The example uses the chi2 test to determine which features should be used in the model. However it is my understanding that the chi2 test is strictly meant to be used in situations where we have categorical features predicting categorical performance. I did not think the chi2 test could be used for scenarios like this. Is my understanding wrong? Can the chi2 test be used to test whether a categorical variable is dependent on a continuous variable?

vanchman
  • 51
  • 1
  • 2

4 Answers4

5

The SelectKBest function with the chi2 test only works with categorical data. In fact, the result from the test only will have real meaning if the feature only has 1's and 0's.
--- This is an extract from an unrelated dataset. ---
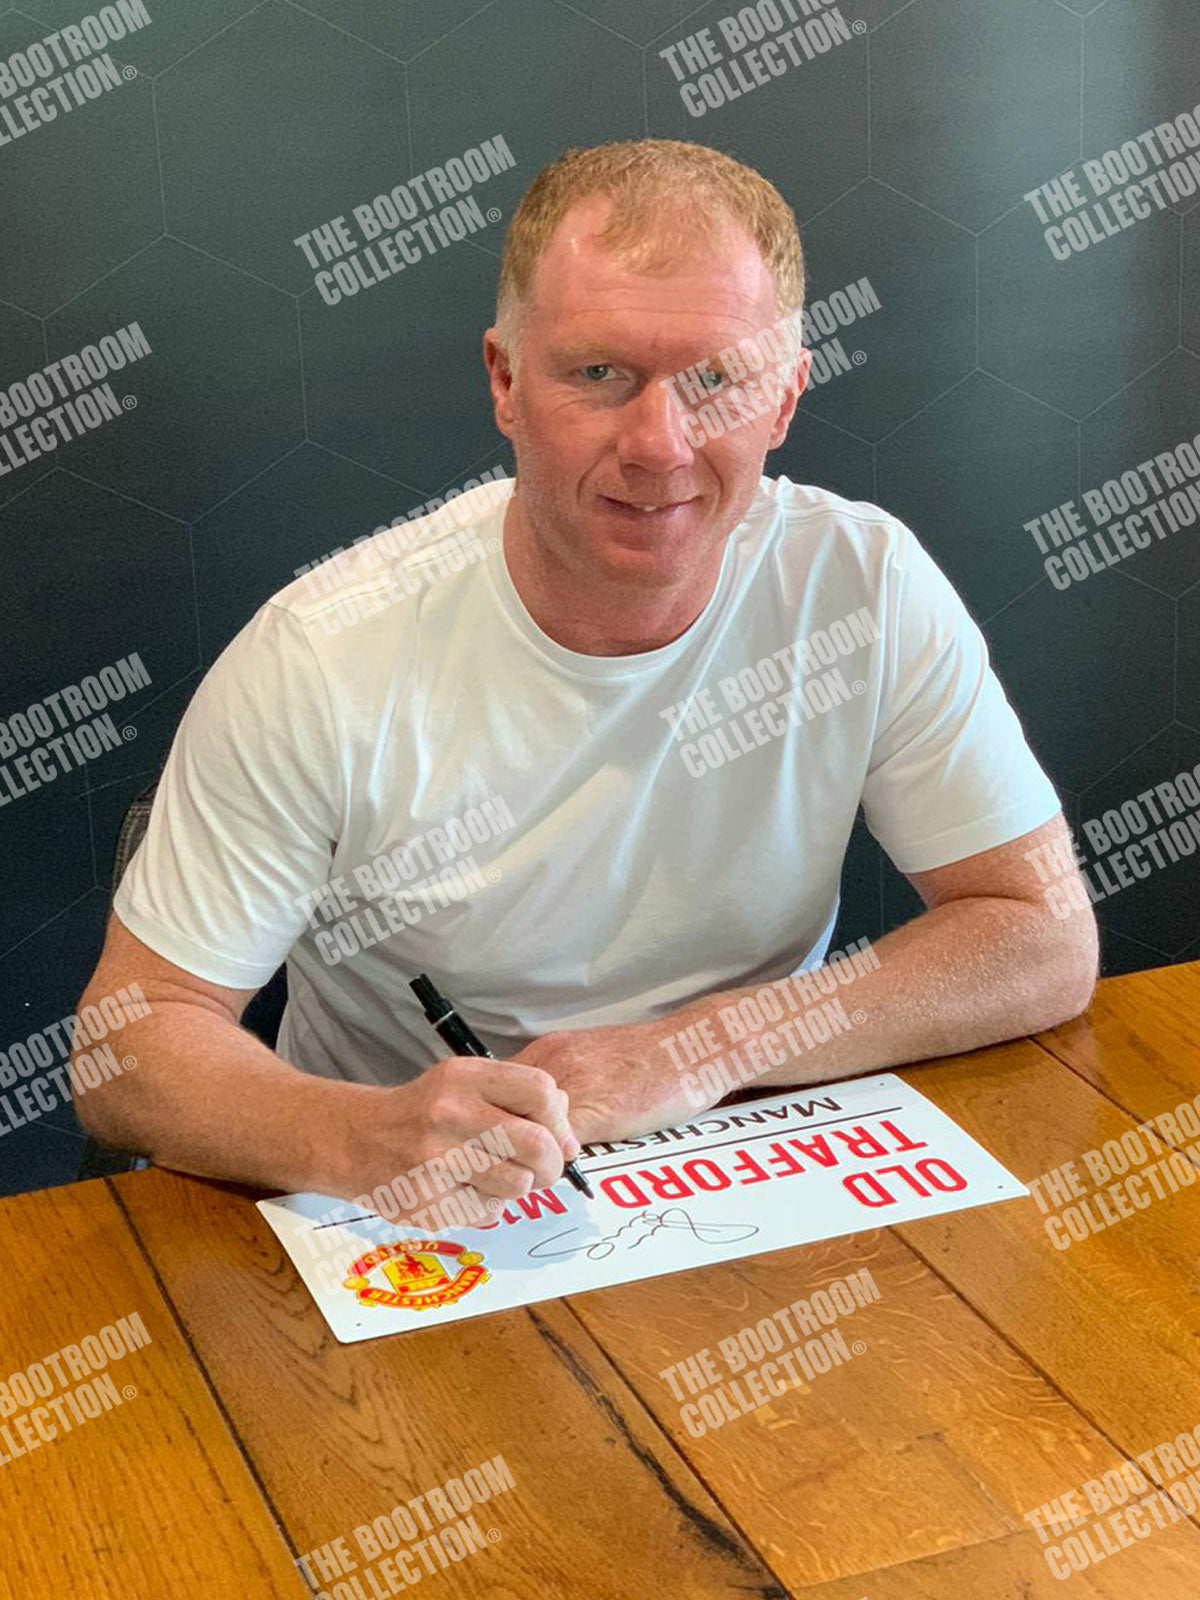 Paul Scholes Signed Manchester United Street Sign - The Bootroom Collection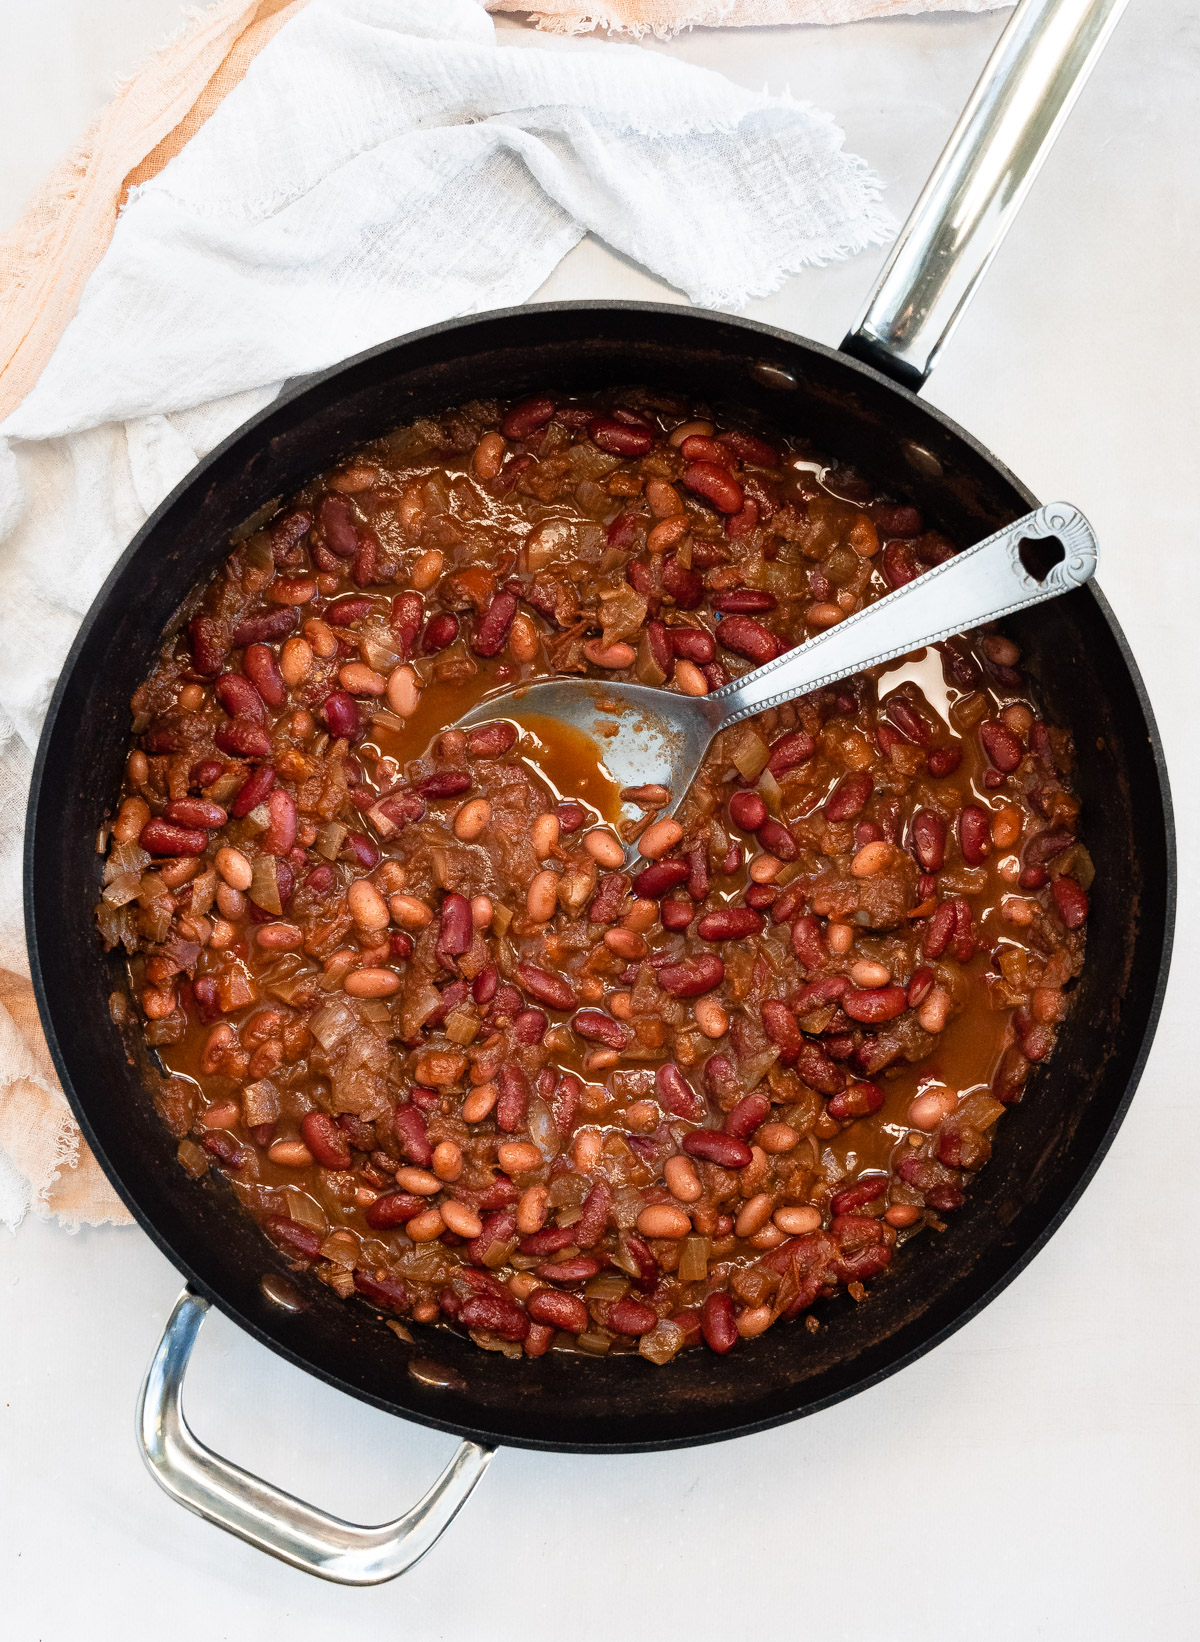 a black pot of red kidney beans in tomato sauce

If you inspect a little bit the implementation of chi2 you going to see that the code only apply a sum across each feature, which means that the function expects just binary values. Also, the parameters that receive the chi2 function indicate the following:

def chi2(X, y):
...

X : {array-like, sparse matrix}, shape = (n_samples, n_features_in)
    Sample vectors.
y : array-like, shape = (n_samples,)
    Target vector (class labels).

Which means that the function expects to receive the feature vector with all their samples. But later when the expected values are calculated, you will see:

feature_count = X.sum(axis=0).reshape(1, -1)
class_prob = Y.mean(axis=0).reshape(1, -1)
expected = np.dot(class_prob.T, feature_count)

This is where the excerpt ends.